He broke it off and studied me with a warm, yearning distance of about an inch between us. "You should rest." His breath moved over me like his touch. His voice vibrated inside me, deep inside. I resonated to his sound, his touch, everything about him.

Rest was just about the farthest thing from my mind. "Later," I promised breathlessly, and swayed toward him. Our lips brushed, lingered, slid away.

Teasing. "Maybe I need to relax first," I murmured. Another gentle slide of our lips, not quite a kiss. "Maybe I need to spend a long … time … relaxing."

And unspoken, we were both thinking that somewhere out there Jonathan was lurking. Maybe focusing his attention on us. There was no hiding from him.

David's eyes were brilliant, molten copper, and his skin was a hot inhuman gold, and he was beautiful, beautiful, beautiful.

"A long time," he whispered, and we were breathing the same intoxicating air, living in each other's space, each other's skin. He was hot enough to melt me.

"Yes. I think maybe that's a very good idea."

He picked me up and carried me to the bed, and for a long, long, long time, Jonathan and the crappy motel décor and the world waiting to destroy us beyond the door ceased to matter.


###

I woke up and it was dark and quiet outside, just a low plaintive moan of wind

rattling the big windows. I rolled over on my side, instinctively searching for David's warmth — the night had gotten cold, the way the desert does once the sun disappears — but he wasn't there.

Wasn't anywhere.

I sat up slowly, listening, but there was no sound in the room except for a low, slow drip of water from the tap in the bathroom. The clock showed me a dim glow that, when I squinted and blinked, read 3:27 a.m.

I got up, found clean underwear and some not-to-badly-wrinkled rolled up blue jeans and a knit shirt in my bag, toed on shoes and walked outside into the still, chill night.

The sky was unbelievable. Clear from horizon to horizon, a black bowl crowded with stars. I stopped, staring, and craned my neck back to get the full effect.

Dizzying. I breathed in deep and felt clean, cold air fill my lungs.
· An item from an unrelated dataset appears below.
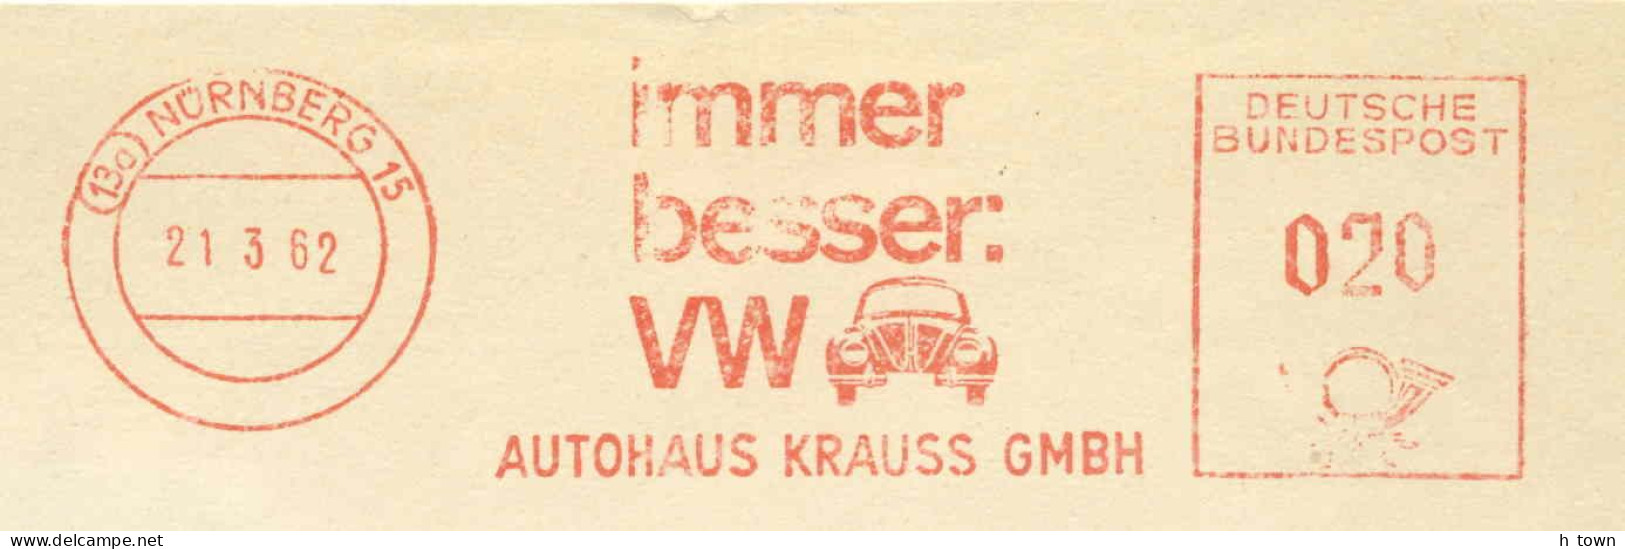 226  VW Coccinelle: Ema 1962 - Volkswagen Beetle On Meter Stamp From Nürnberg, Germany - Voitures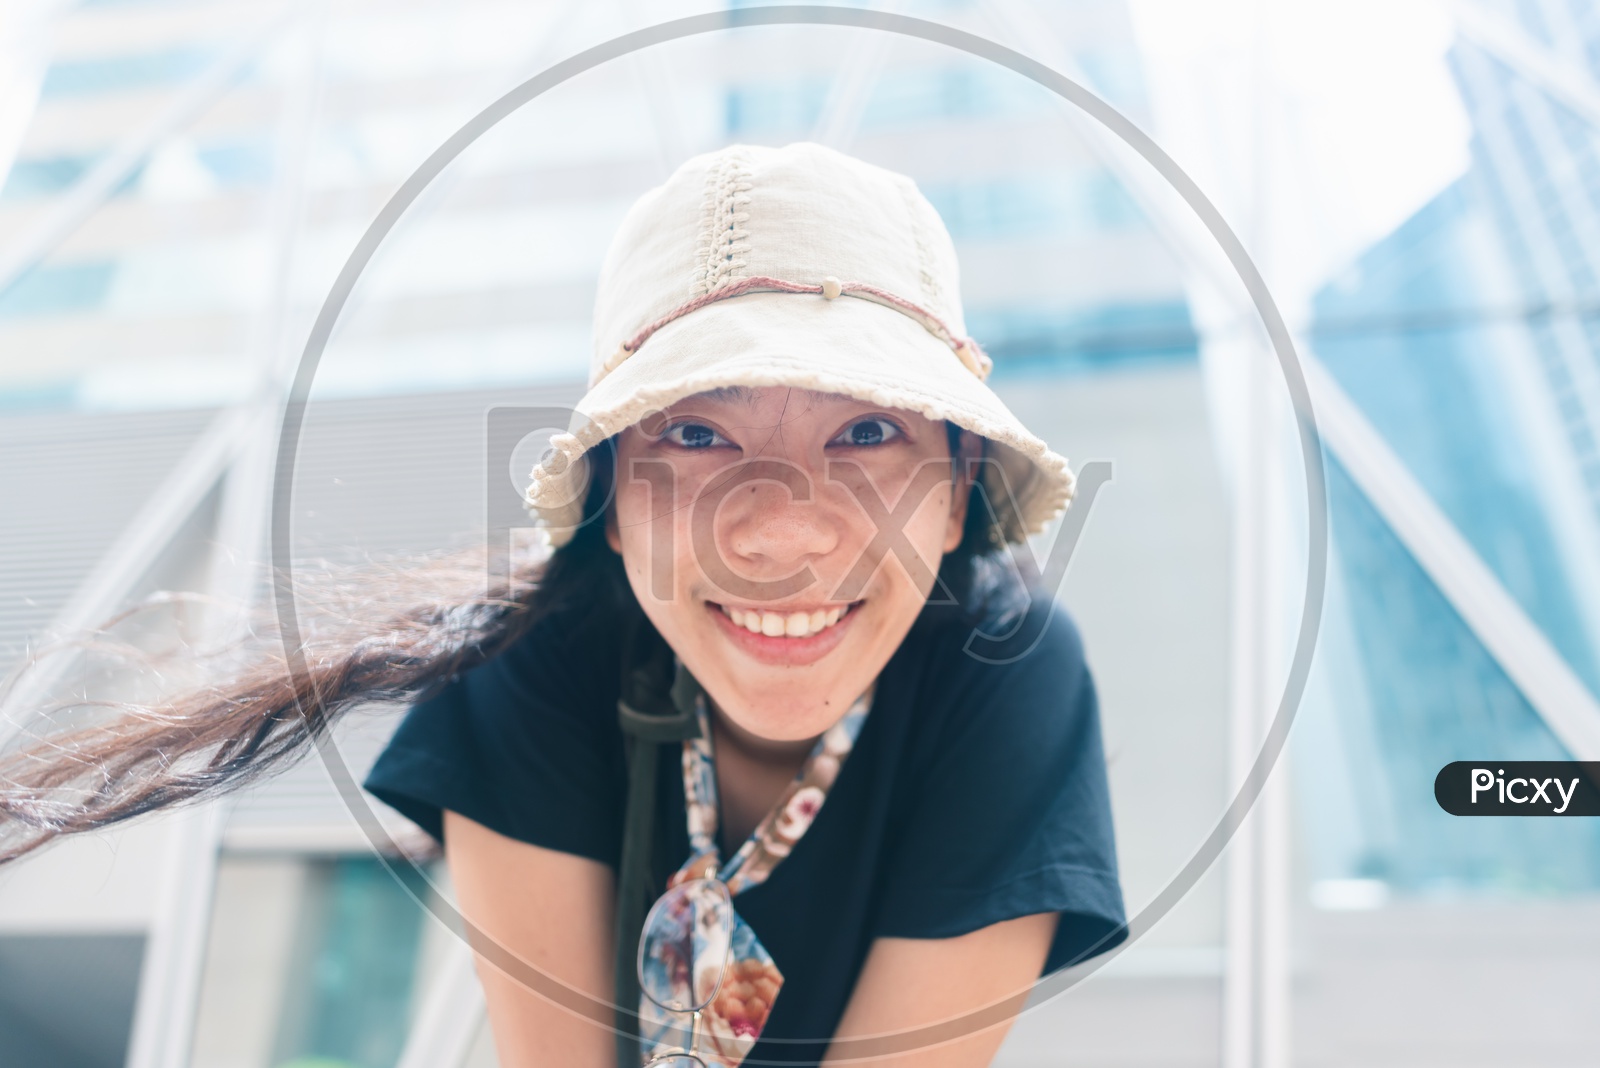 Beautiful young tourist woman smiling wearing a hat

I wished I was an Earth Warden, because this seemed to be a place where having a connection to the land would be amazing … even dull as I was to that side of things, I could feel a kind of power here, a slow, strong pulse that made me want to lay down on the ground and let it flow through me.

When I let out my held breath, it came out as white mist. Colder than I'd thought. I shivered a bit and looked around. Except for my Dodge Viper crouched in its space, looking like a wildcat ready to spring, there were only two other cars — one, a sun-faded Ford pickup with a missing tailgate, was parked at the office, so I figured it was the manager's. The other was the dusty old Cadillac with its coating of road dust, parked in front of the last room in the motel.

As I stood there, wondering where David had taken off to, and why, I heard someone open a door and close it. When I looked over, I saw that someone had come out of the Caddy's room — a man, medium height, slender, wearing a black knit shirt and black jeans, with a sleek-looking black leather coat over the monochromatic ensemble. He had close-cropped brown hair, military style, and as I watched, he leaned against the cinder-block wall and lit up a cigarette. I realized I was staring when he cocked an eyebrow at me, and went back to studying the sky. The moon was almost full, a big white eye staring back.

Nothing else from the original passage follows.